Segment Start: DATASET EXCERPT

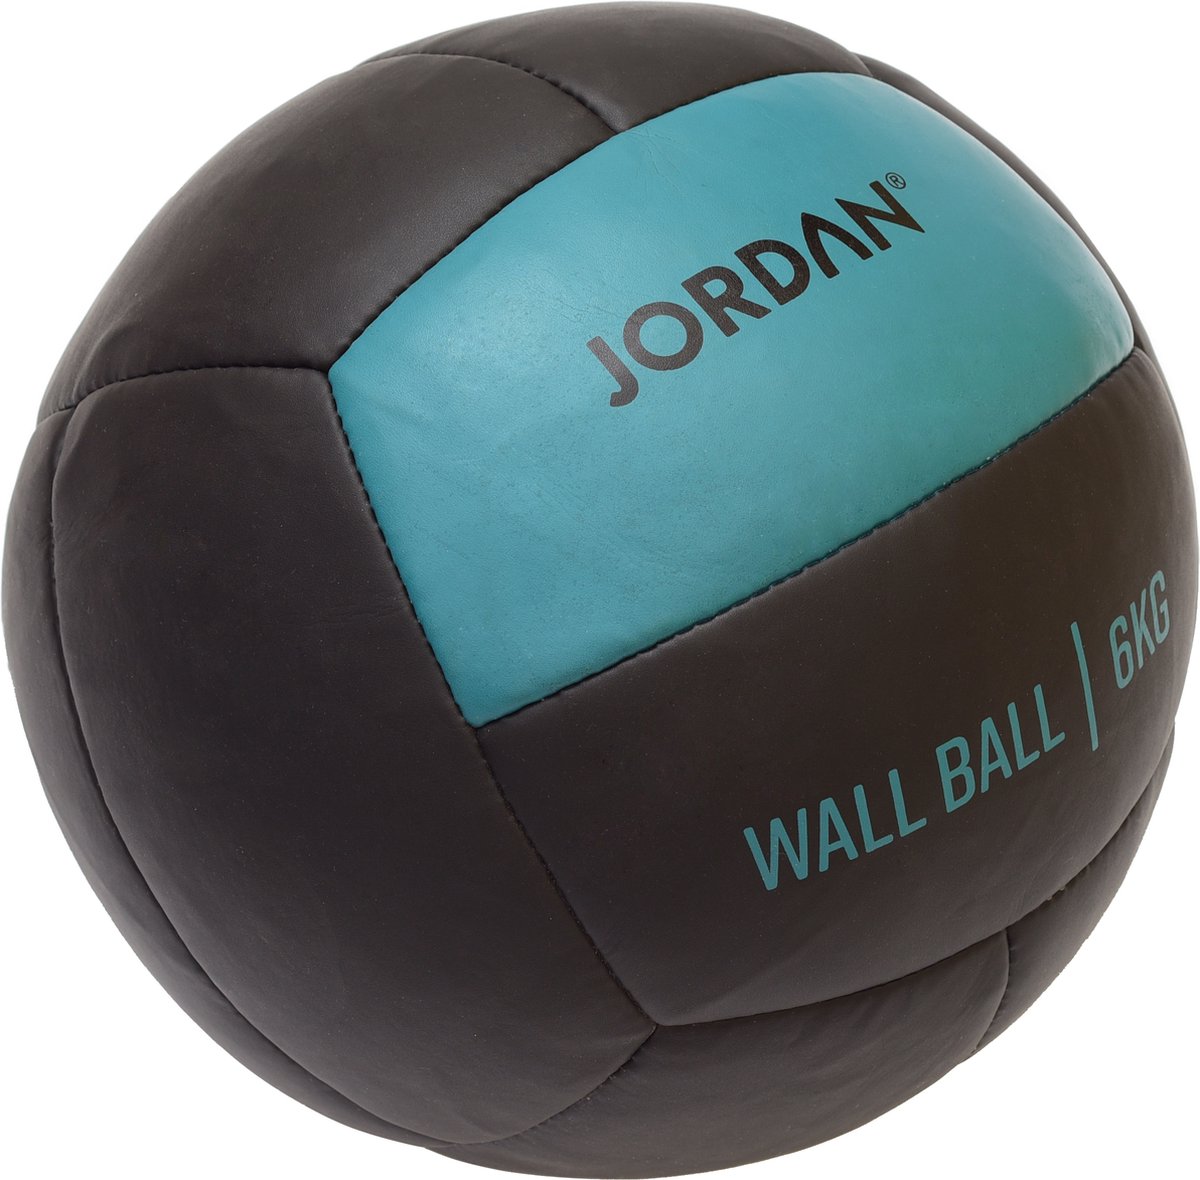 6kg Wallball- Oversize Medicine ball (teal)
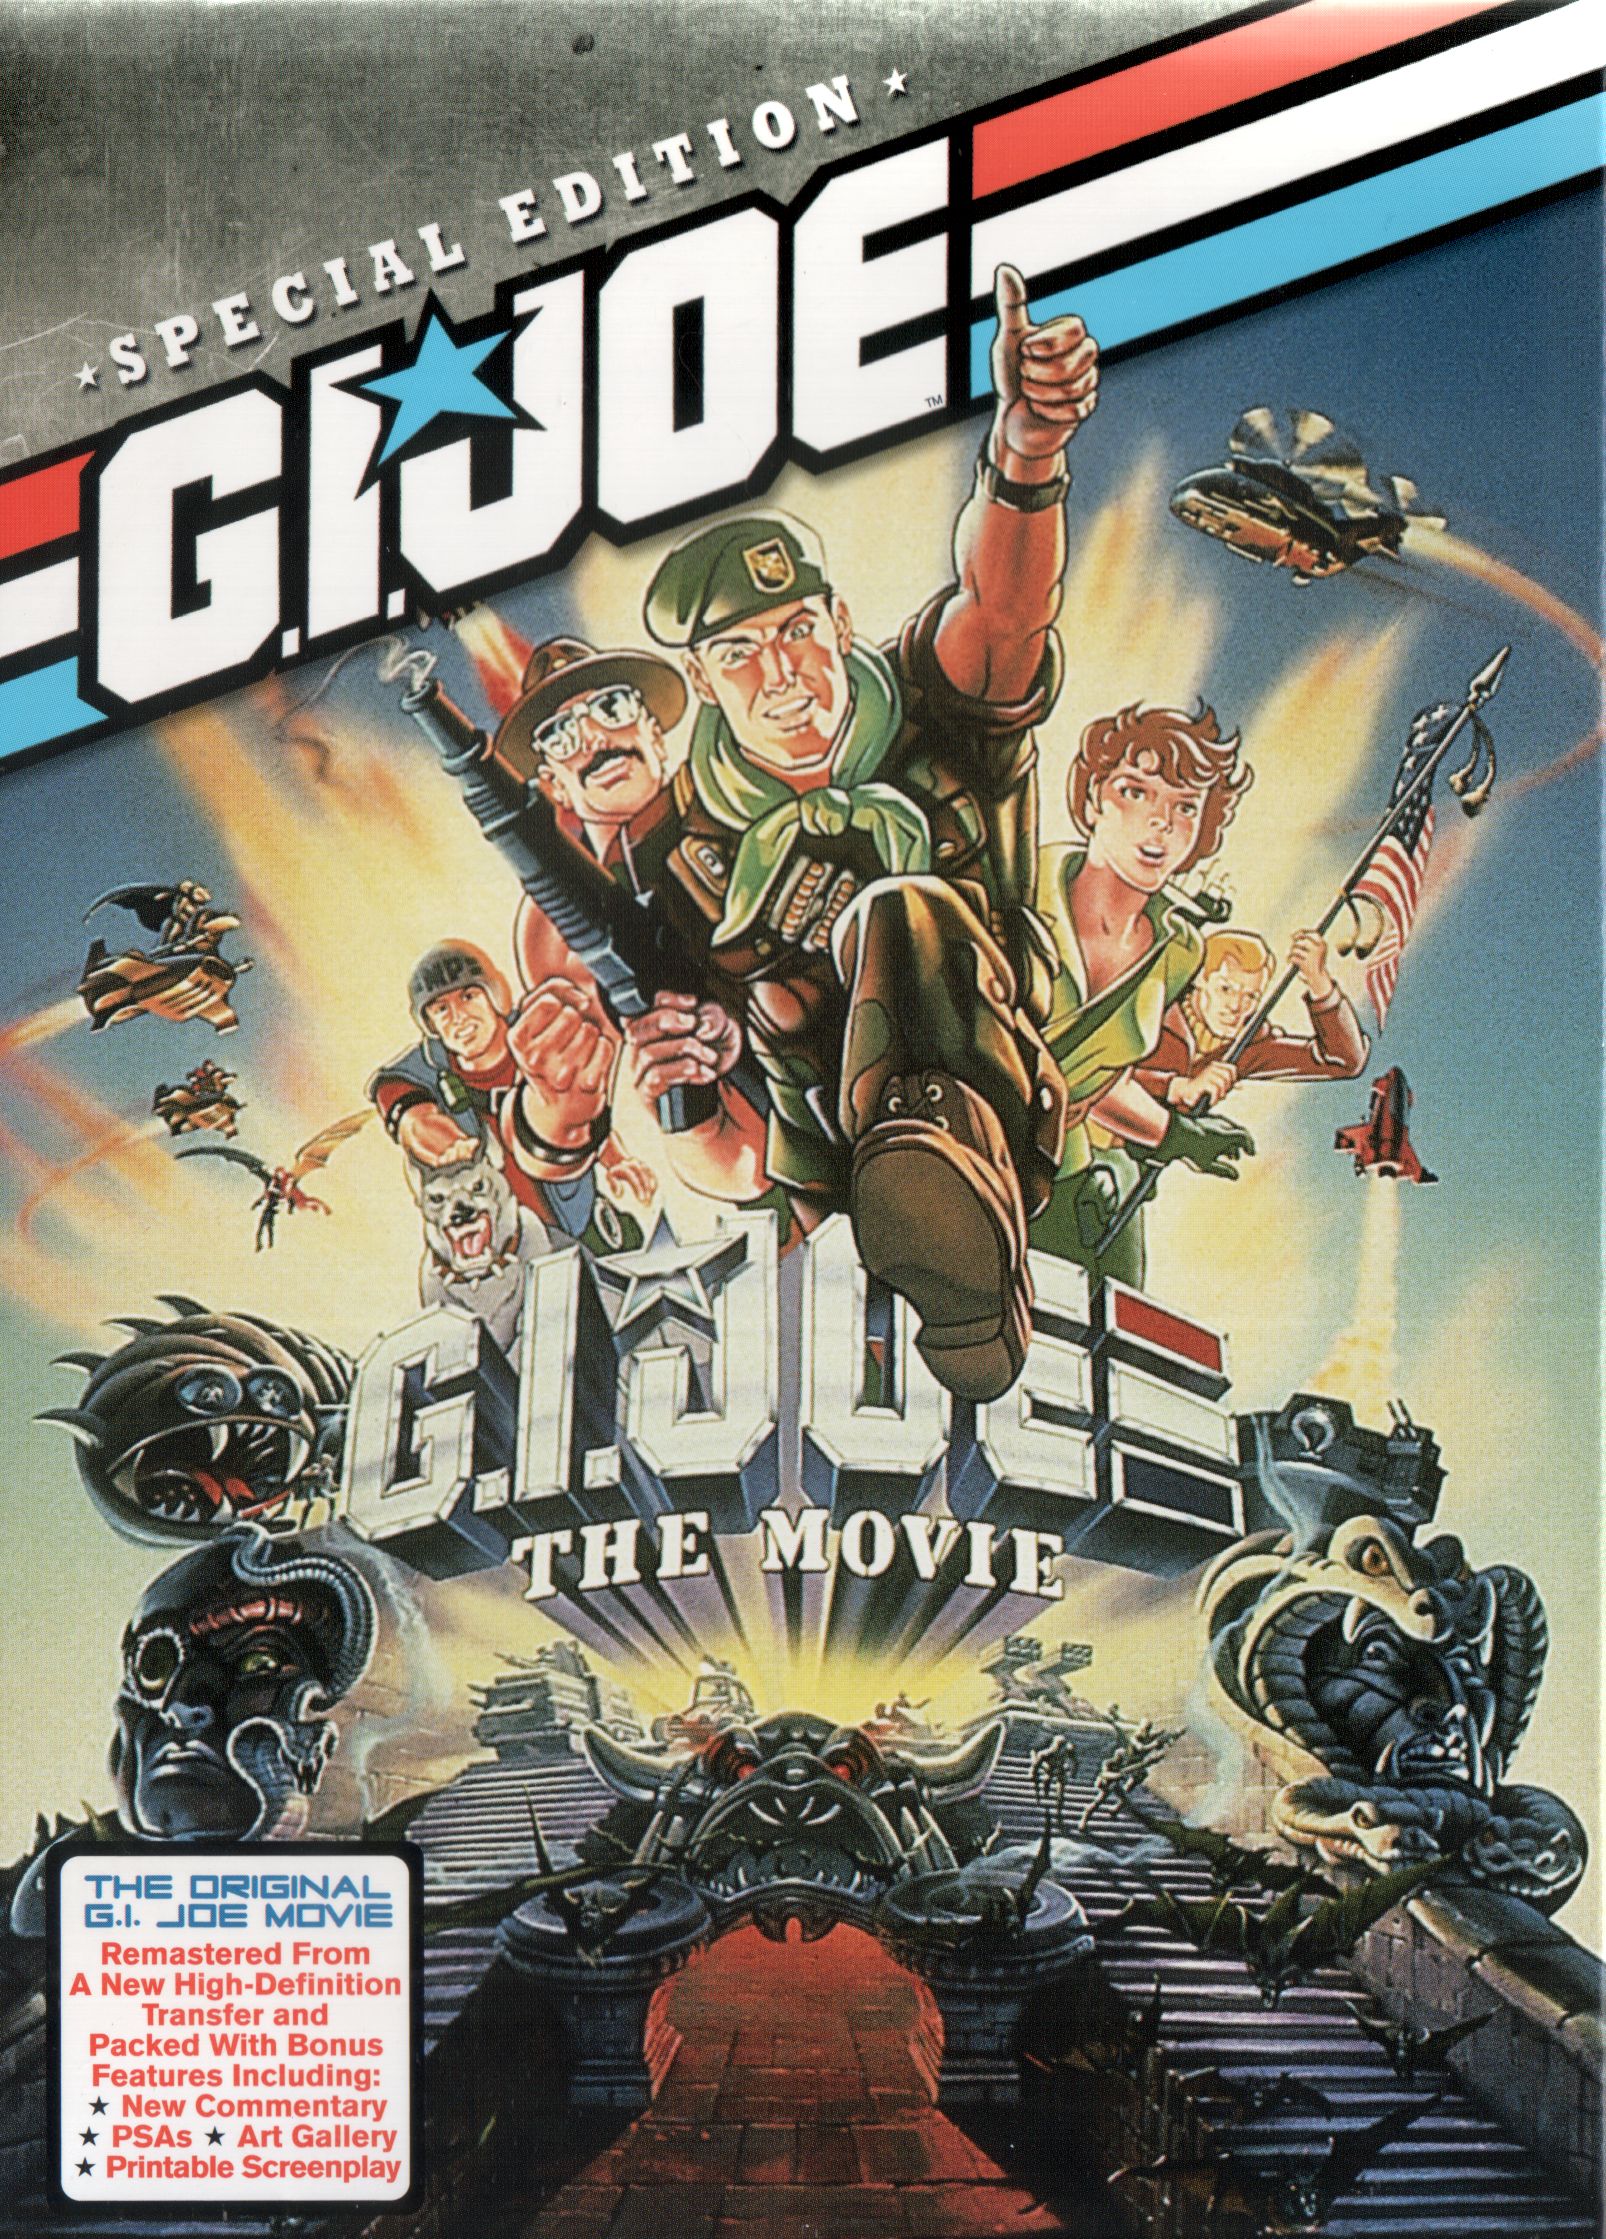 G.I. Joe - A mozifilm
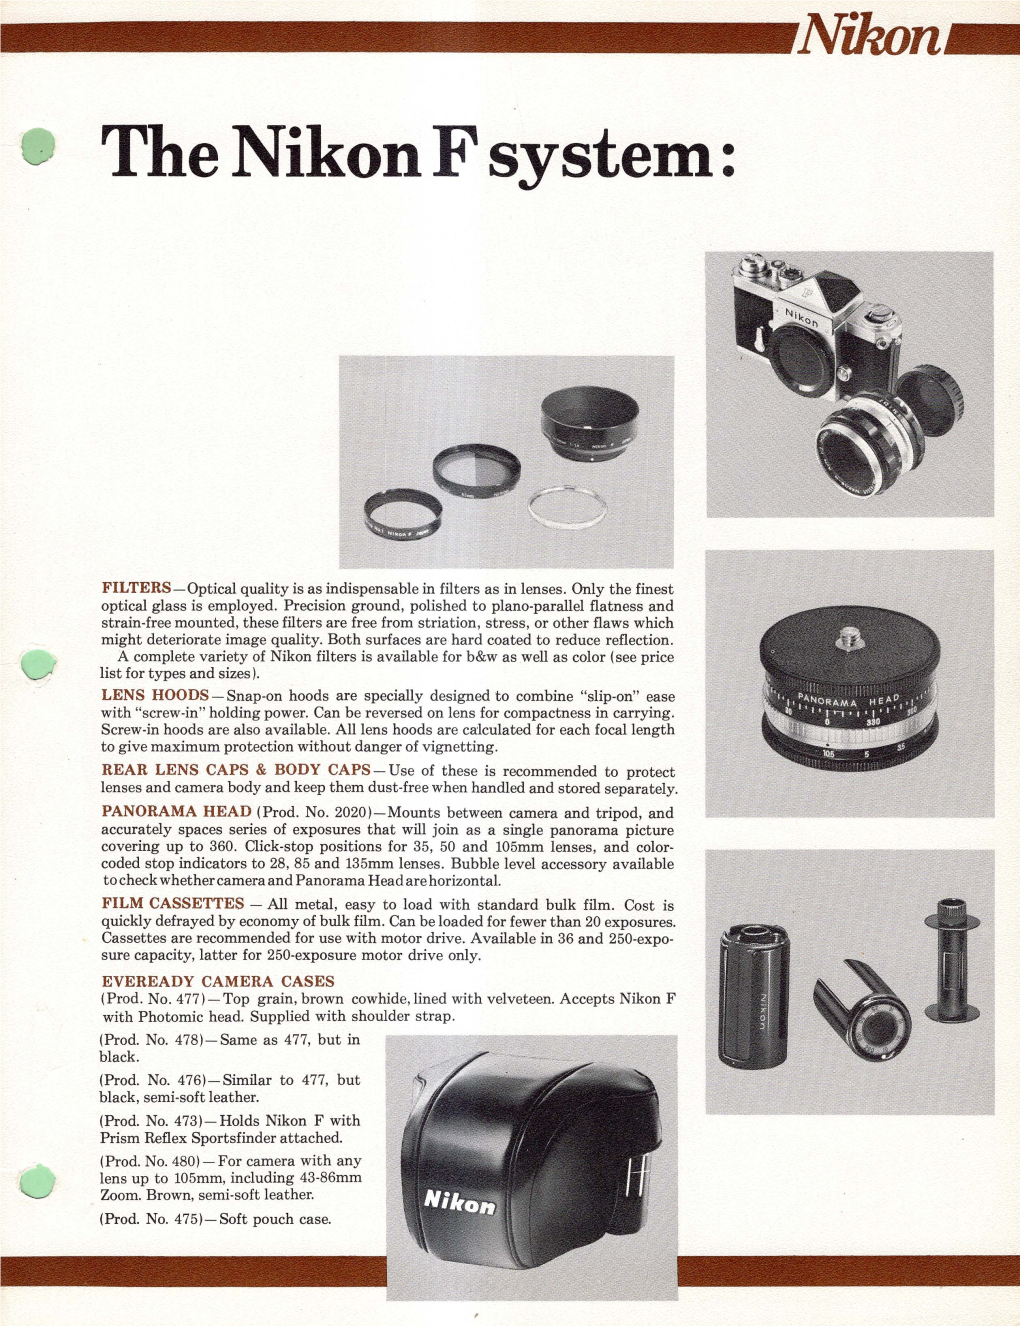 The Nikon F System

Segment End: DATASET EXCERPT

With the pictures set aside, return each line of the listing exactly as given.

# SOLUTION TO THIS EXERCISE
 6kg Wallball- Oversize Medicine ball (teal)
 G.I. Joe - A mozifilm
 The Nikon F System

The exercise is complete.